5 Good Eating Habits

What you eat shapes your body. Good eating habits help boost your energy levels, reduce stress and anxiety and give you a healthy body shape. Poor diet habits can lead to overweight, high blood pressure, tooth decay and some heart diseases.

The first step in changing your diet is to make a list of your unhealthy eating habits and the cues that trigger them. This could be sitting beside a vending machine at work or seeing a plate of doughnuts at the morning staff meeting. Alternatively it could be feeling tired or stressed and thinking food will give you a lift. Circle the cues you face on a regular basis and start to think about ways you might change these habits.
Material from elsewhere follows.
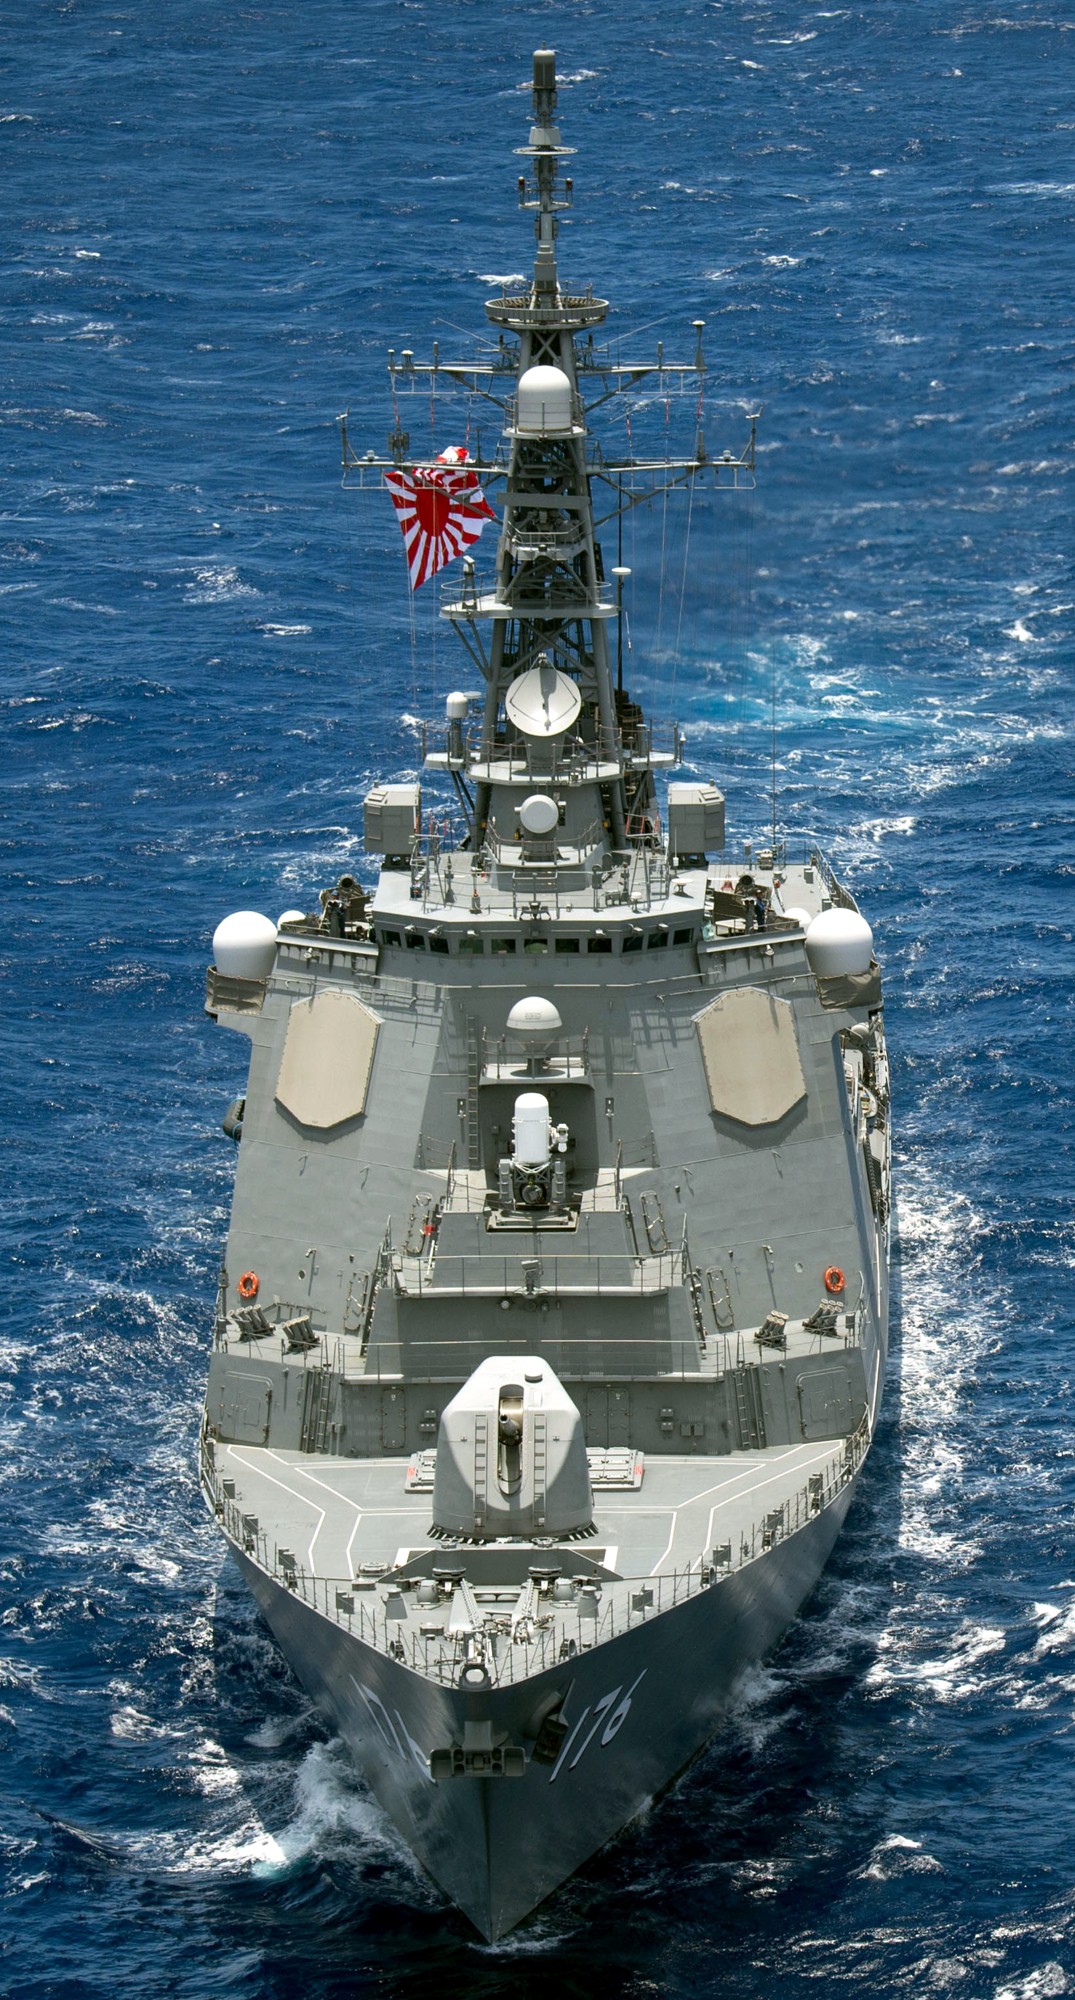 ddg-176 jds chokai kongou class destroyer japan maritime self defense force jmsdf 24

Aim to eat a variety of foods and drinks that contain all the major nutrients, including protein, carbohydrates, fats and fibre. This means a mix of fruit, vegetables, dairy, lean meats and grains. It is important to include different colours as this will provide a range of vitamins and minerals, for example oranges will give you vitamin A and C. Try to include a source of protein with every meal. The simplest way to do this is to eat a small amount of fish or chicken.

Avoid processed or packaged foods, which can be high in added sugar, salt and saturated fat. These foods can also be high in kilojoules. When you do eat out or get takeaway, limit the meals that are deep fried and pastry based. Instead choose bread based meals like wraps, kebabs, souvlaki or hamburgers and add a salad to cut down on kilojoules and sodium.

Swap butter, lard or ghee for vegetable oil or reduced-fat spreads. These can help to lower your cholesterol and triglyceride levels. Adding vegetables and fruits to your meals can also help reduce saturated fat intake.

Limit red meat, which is often high in saturated fat and can increase your risk of heart disease. Instead opt for lean cuts of meat or consider a plant-based alternative like a bean burger.

Drink plenty of water – it’s the best thing to drink for hydration. It will also aid digestion and cleanse your system of toxins.

Learn to taste your food – enjoy the texture, flavours and aromas. This can help slow down your eating and help you recognise when you are full.

Ask a friend, partner or family member to support you in your healthy eating journey. Find someone who is willing to encourage and check in with you regularly to keep you on track. You can also join online communities or apps that are designed to help keep you on track and connect with others.

Remember that making changes to your diet can be hard at first. However, it will become easier as you start to develop new eating habits and notice the positive changes in your health, wellbeing and energy levels. The key is to be kind to yourself and be patient.